> [DESCRIPTION OF THE TASK]:
Beginning with the line that contains "F1 Racing betting", transcribe the rest of the listing below exactly, including its last line, and exclude any pictures.

> [INFORMATION SHOWN]:
◇ ◇ ◇ ◇
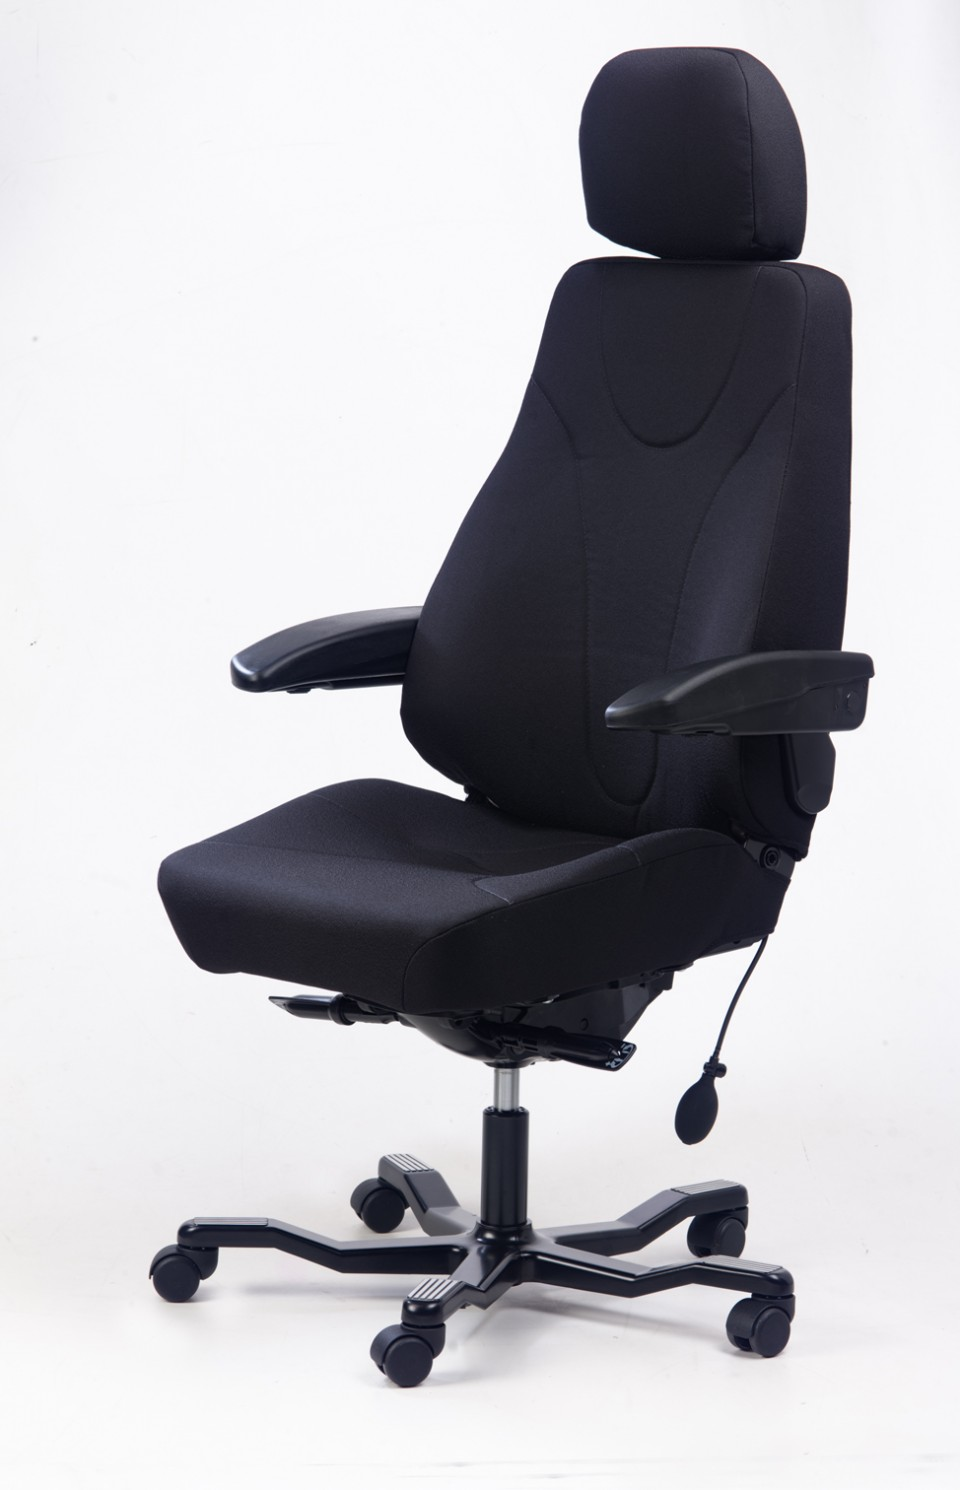 tabouret de bureau ergonomique simple pictures of. Black Bedroom Furniture Sets. Home Design Ideas
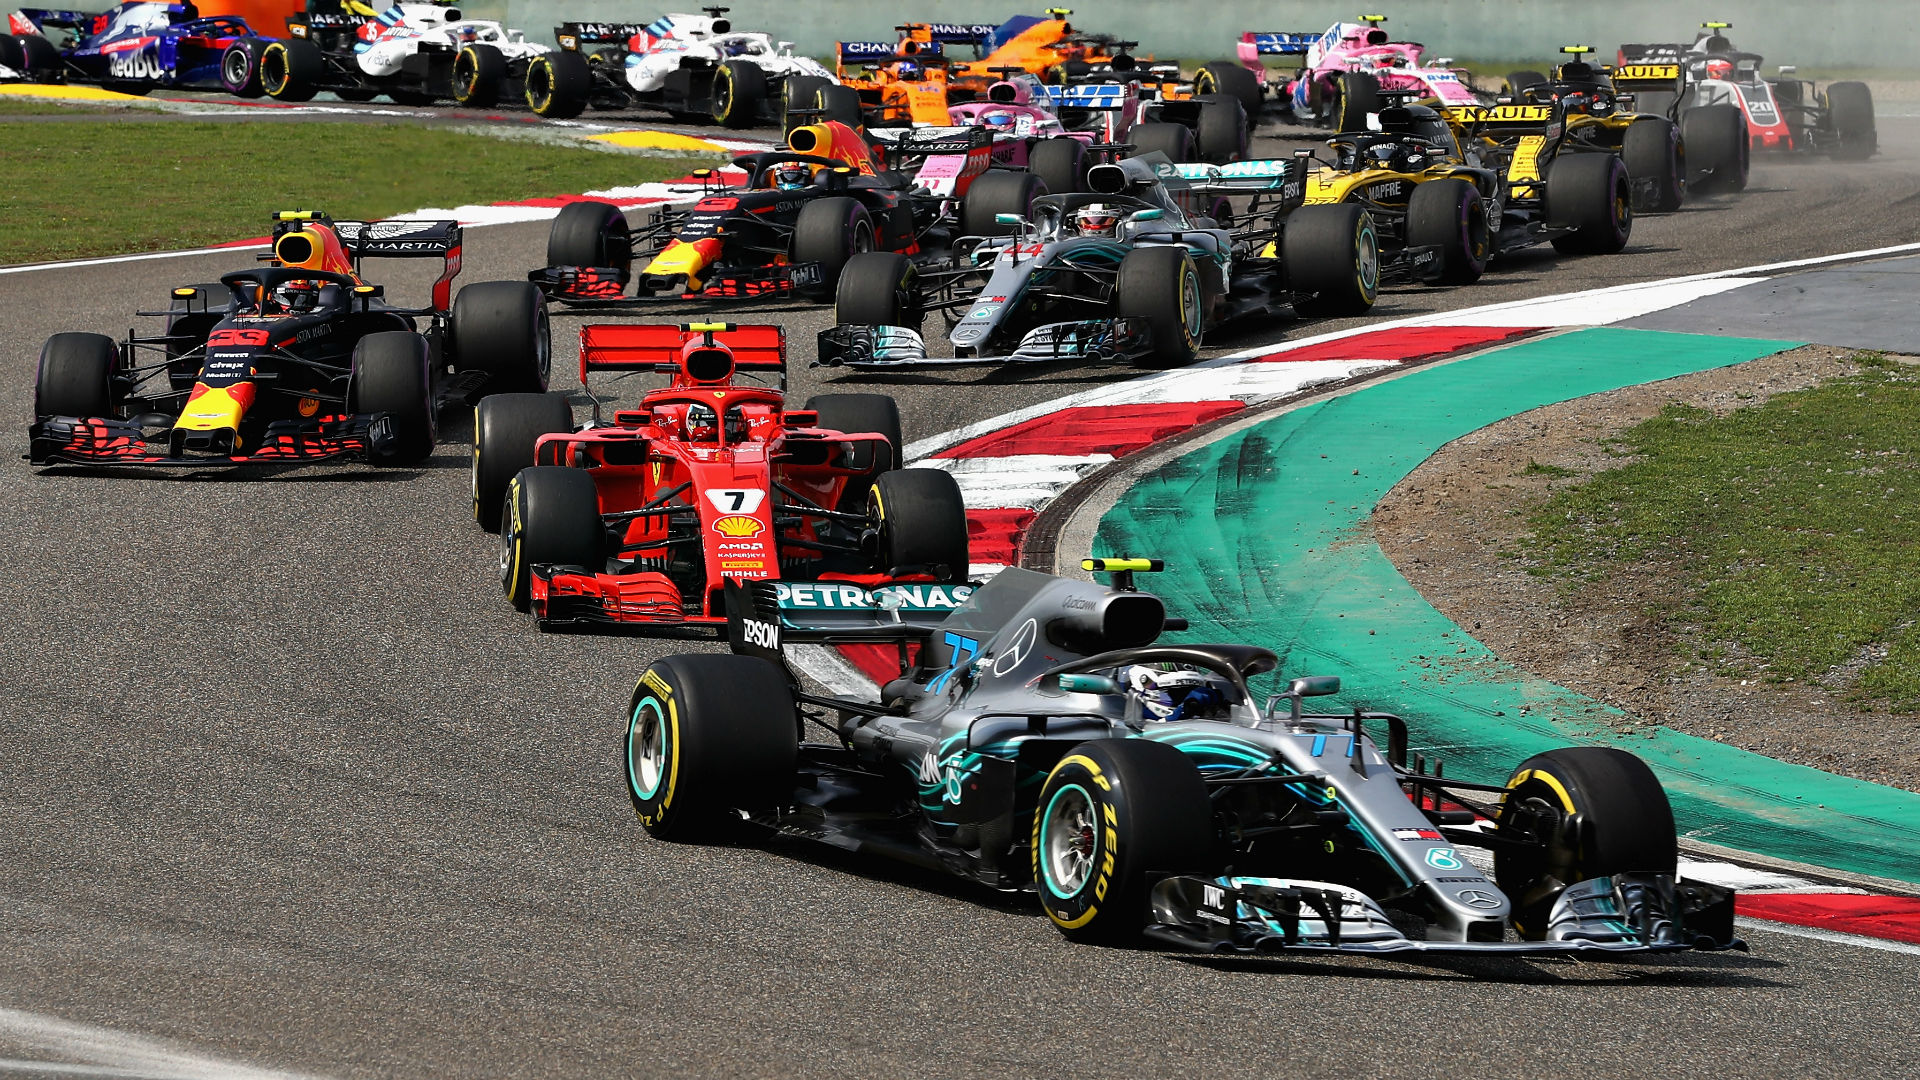 F1 Racing betting
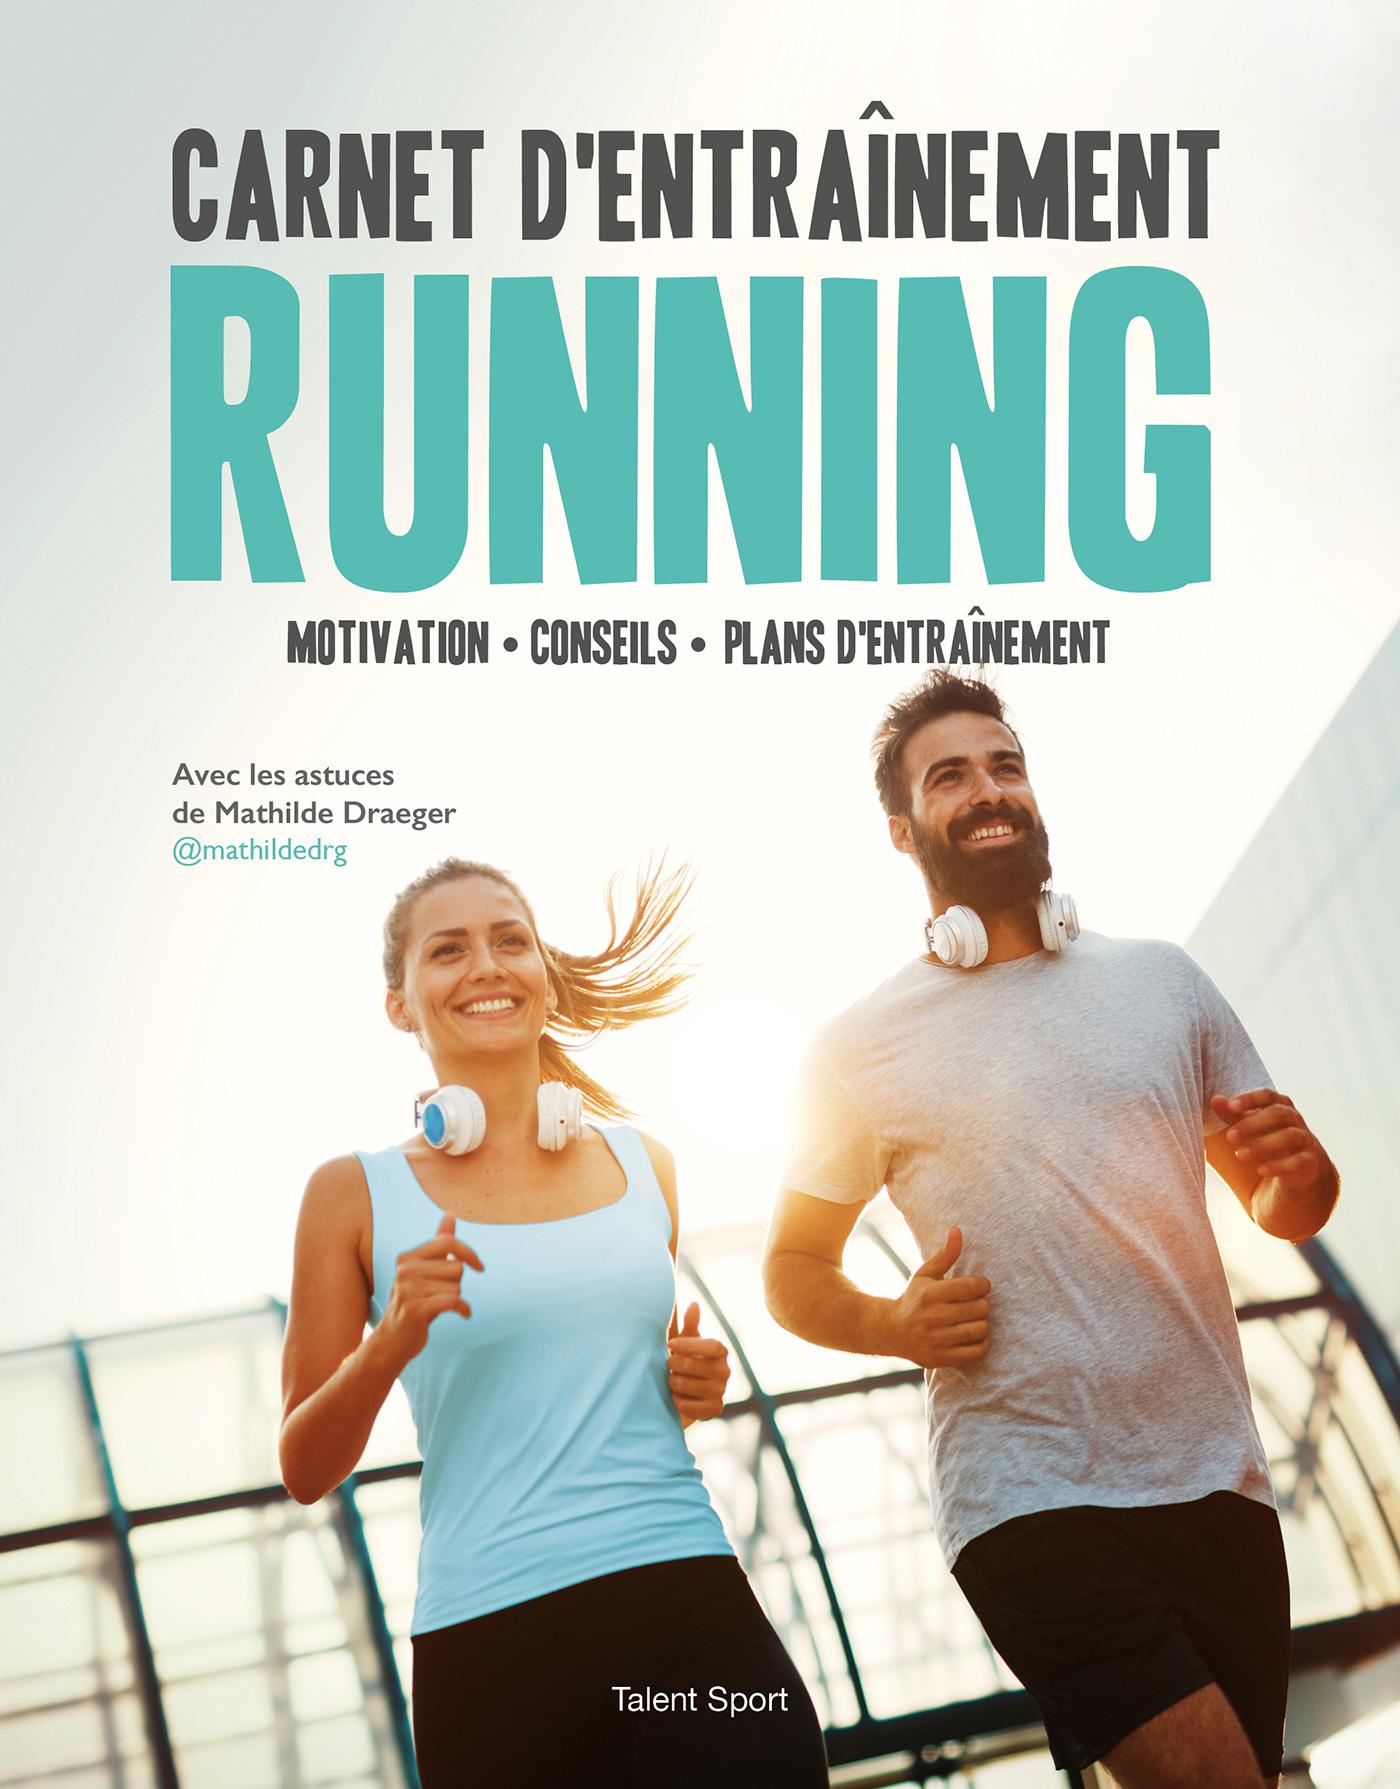 CARNET D'ENTRAINEMENT RUNNING
◇ ◇ ◇ ◇
> [YOUR RESPONSE]:
 F1 Racing betting
 CARNET D'ENTRAINEMENT RUNNING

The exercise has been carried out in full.